** Opening PROVIDED MATERIAL block **

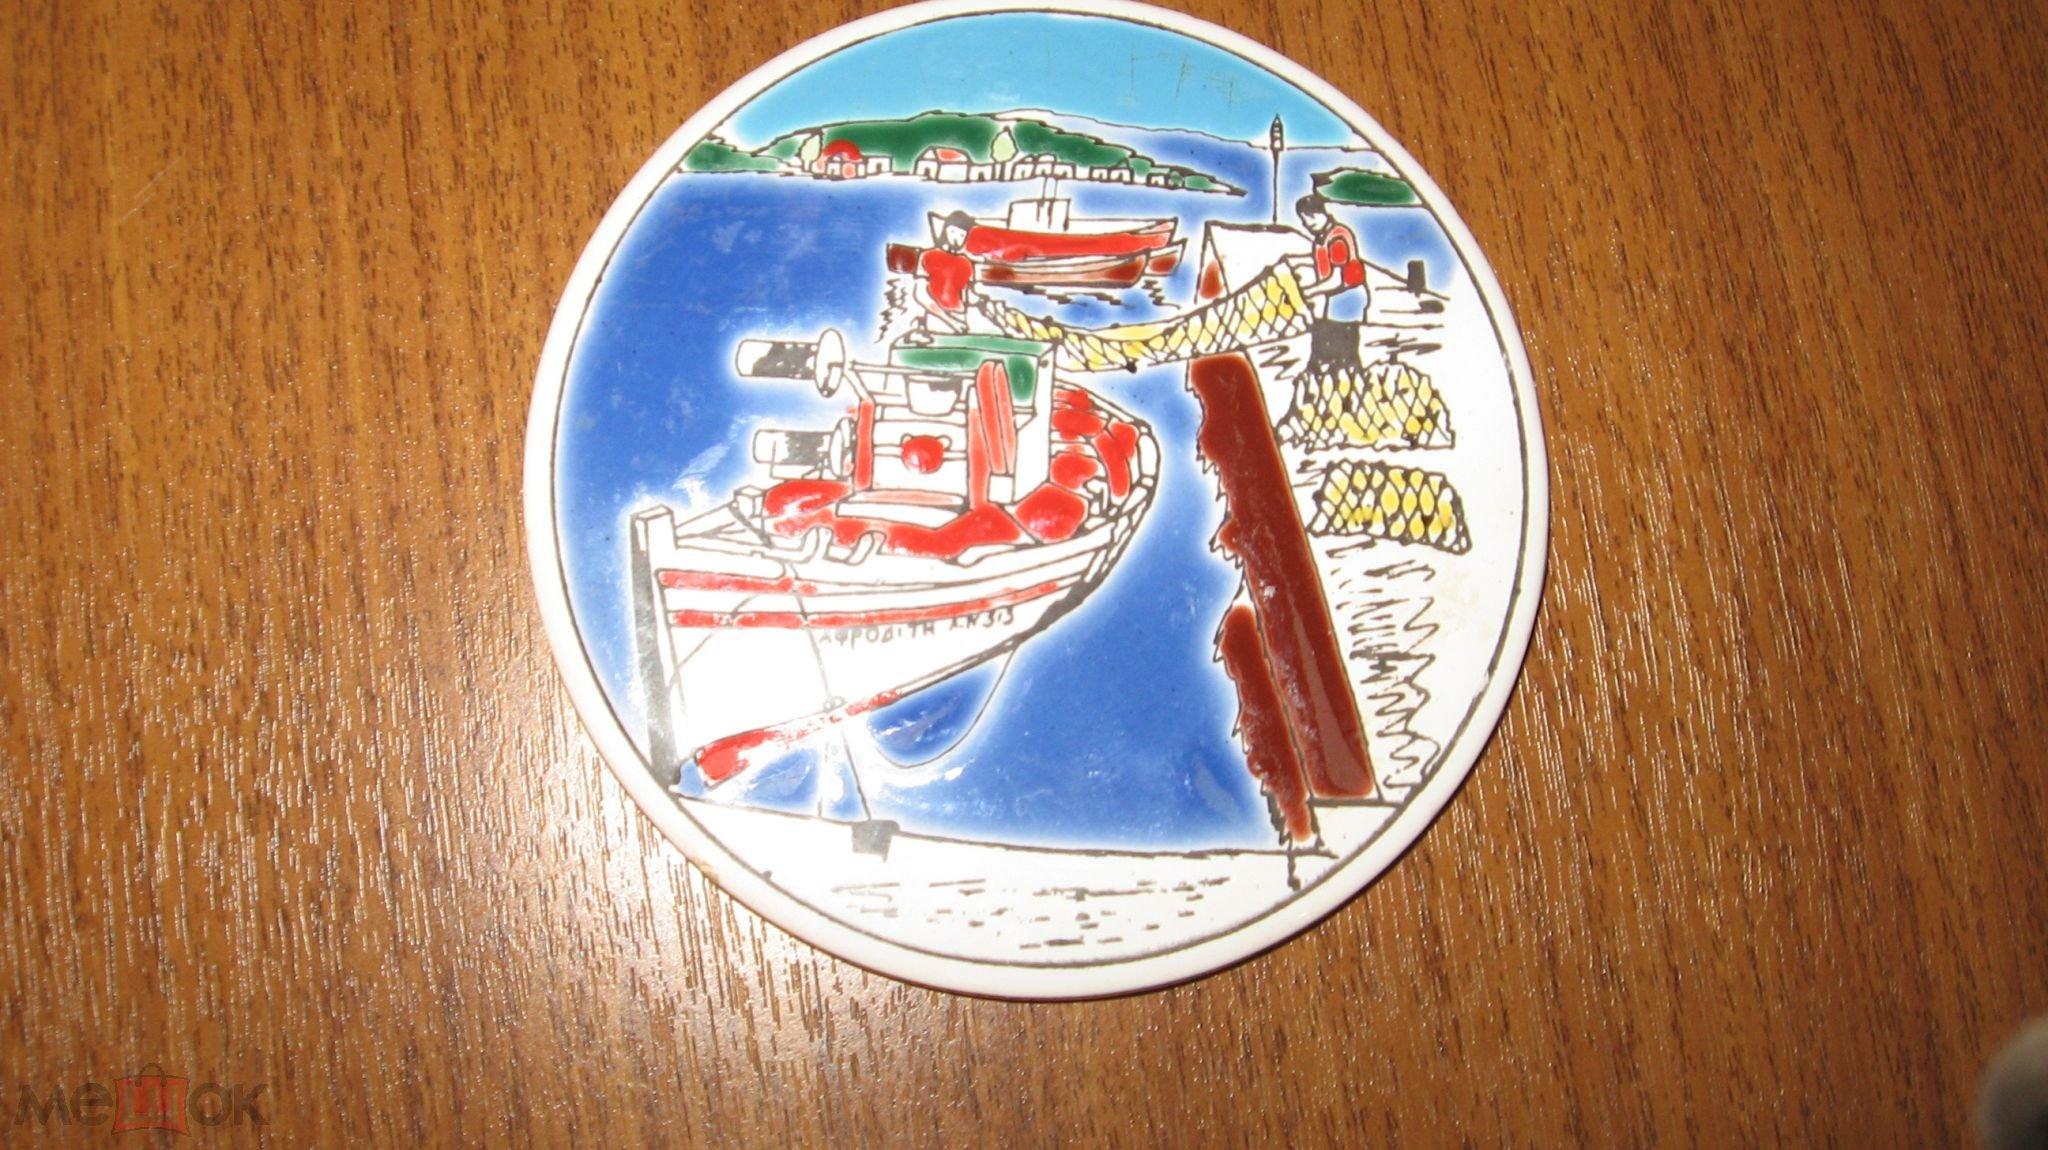 Коустер-подставка керамическая для стаканов, чашек. Сделано в Греции. Ручная работа 9 см
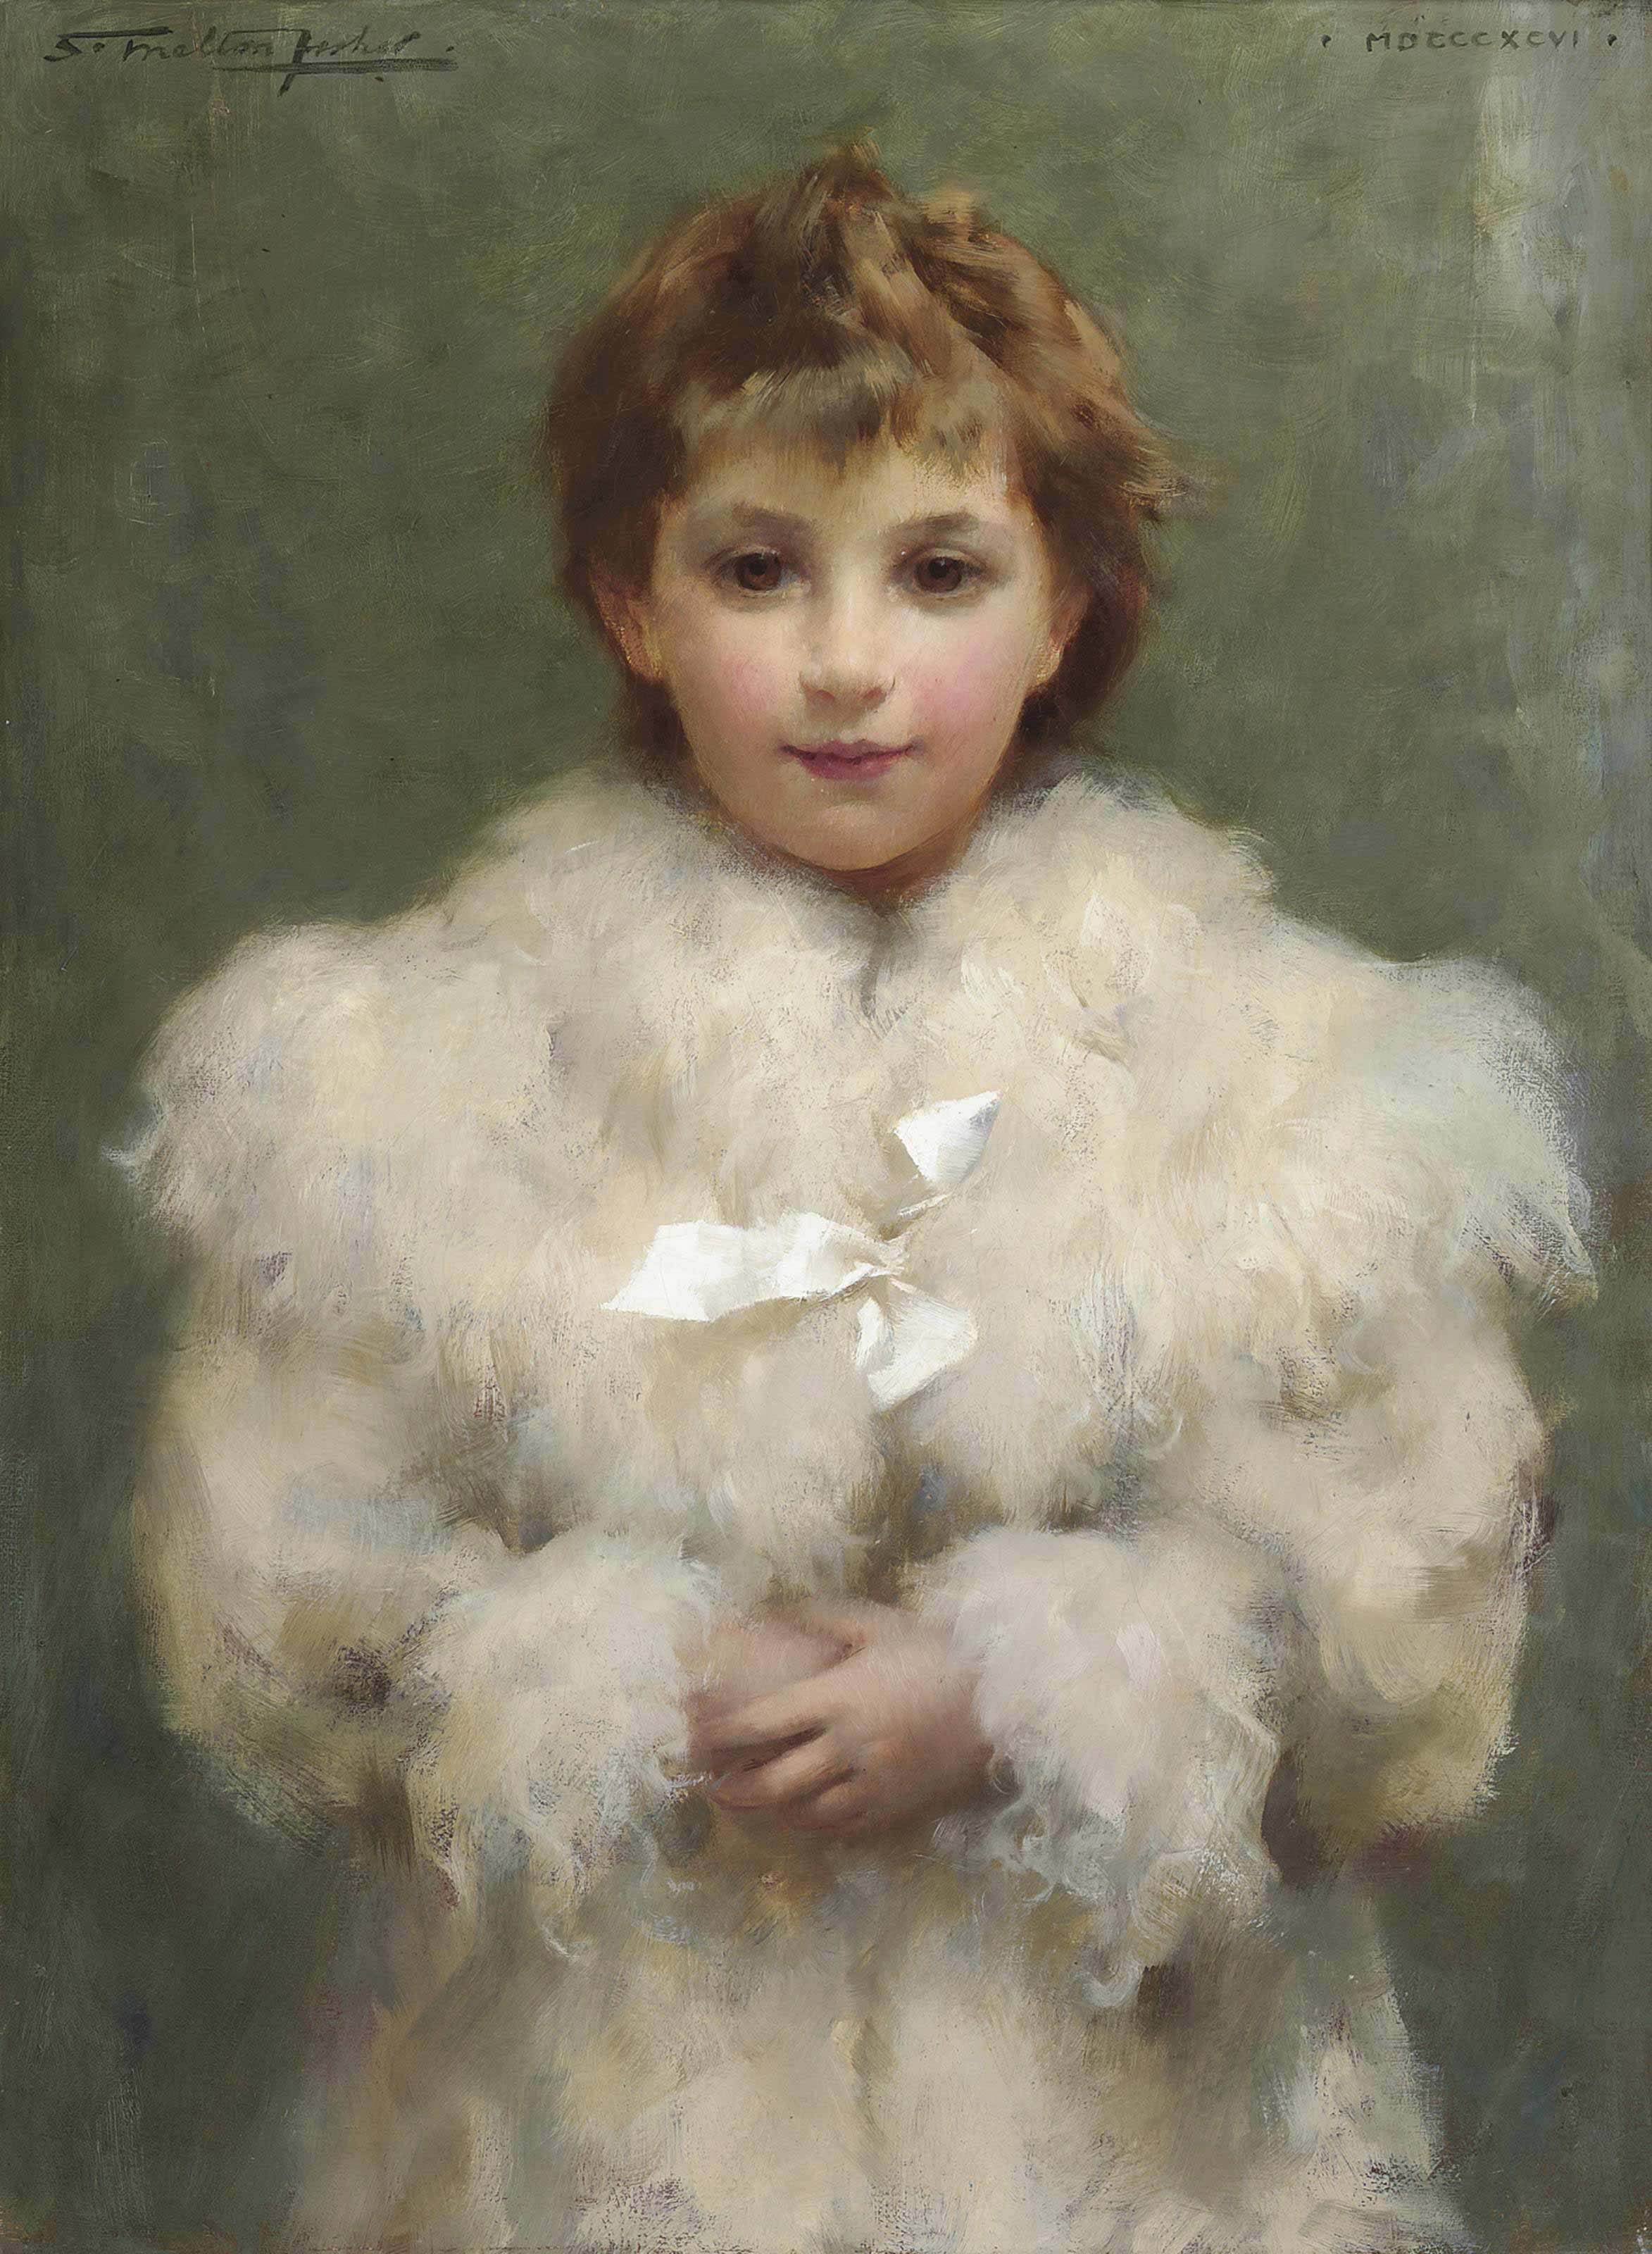 Samuel Melton Fisher (1860-193
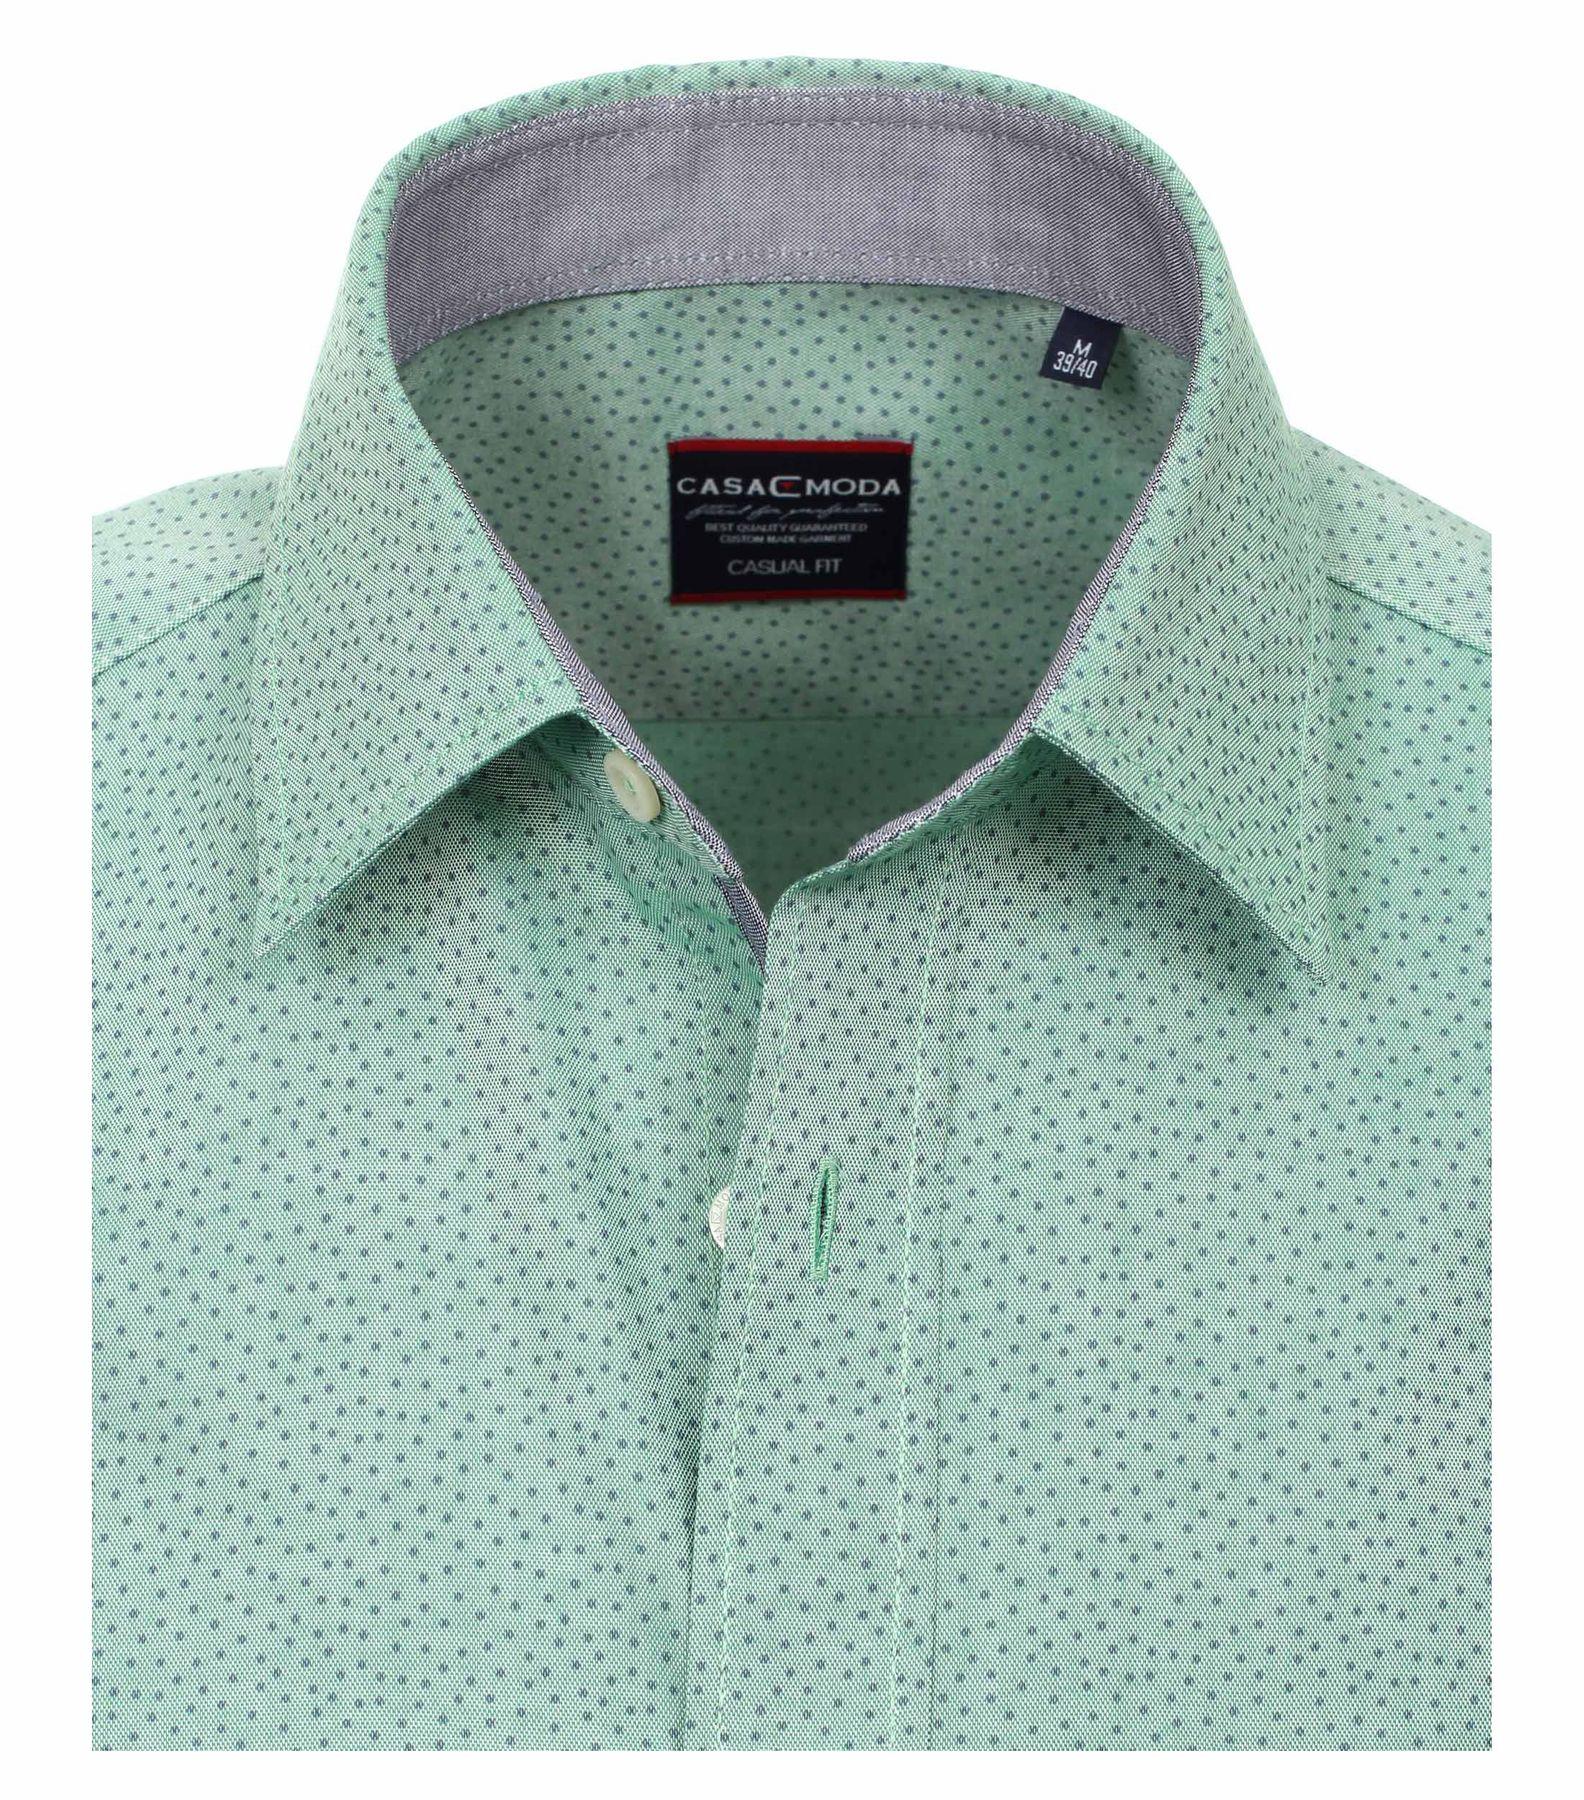 Casa Moda - Comfort Fit - Herren kurzarm Hemd in verschiedenen Varianten – Bild 25

** Closing PROVIDED MATERIAL block **

TASK DETAILS: Without the pictures, give every line of the data again, exactly as written.

PROBLEM SOLUTION:
 Коустер-подставка керамическая для стаканов, чашек. Сделано в Греции. Ручная работа 9 см
 Samuel Melton Fisher (1860-193
 Casa Moda - Comfort Fit - Herren kurzarm Hemd in verschiedenen Varianten – Bild 25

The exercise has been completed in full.